Based on a true story that unfolded in the deserts and mountains of the Devil’s Highway region—a landscape so harsh and brutal that it even claims the lives of people born in adjacent deserts, and one that became the preferred “crossing” route for Coyotes (guides that lead crossers from Mexico to the US) once the corridors closer to urban areas such as Tijuana/San Diego and Ciudad Juárez/El Paso became too risky due to post-911 border policies.
Twenty-six men ventured through this deadly passage in May of 2001, led by a Mexican punk rocker Coyote known as “Mendez”. By the time their expedition was to come to a tragic end, only twelve would survive, that is, after a small mutiny driven out of desperation causes a small group to abandon and turn back to Mexico, and after Mendez and a conspirator, Lauro, collect the remaining group’s American dollars to “go get water and help” and abandon them to a grisly fate.

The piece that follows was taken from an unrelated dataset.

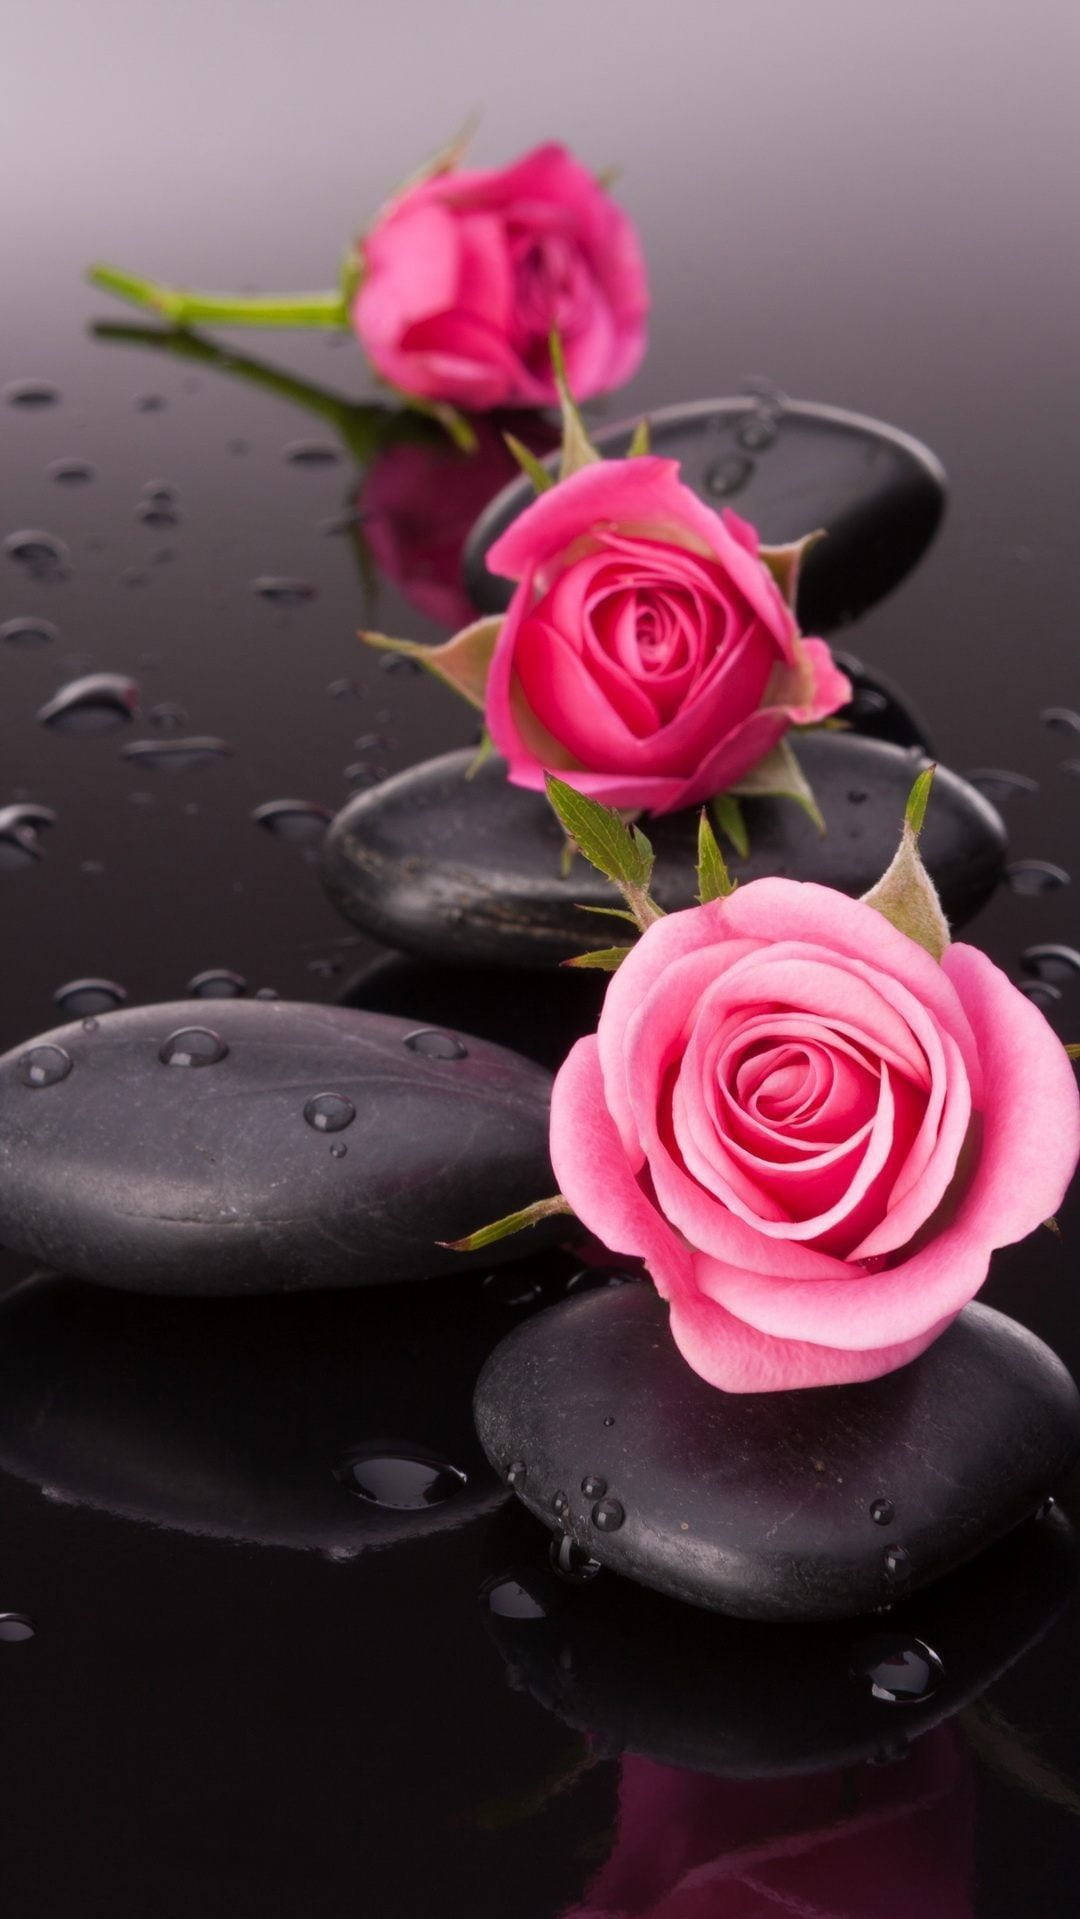 Spa Stone And Pink Roses Flower Mobile Background

This book looks at the politics that drive these exoduses from both sides of the border, pointing out both the United States’ and Mexico’s faults and virtues—something we really enjoyed—but even more importantly, Urrea is a masterful wordsmith and storyteller and his verse and prose dazzle, even during the agonizing sections that scrutinize unbearable human suffering, the body and mind’s disintegration when subjected to these devastating conditions.
The characters in this story come to life with such haunting detail that you feel as though you know them by the time the story ends. Each is treated with a literary dignity that makes the story even more moving and dimensional; their likes and differences, the objects they choose to bring along, letters from loved ones stuffed into pockets, macho belt buckles, locks of punk rock hair, uneven teeth, hairstyles and mustaches all bring them to life with painterly craft and thoughtfulness.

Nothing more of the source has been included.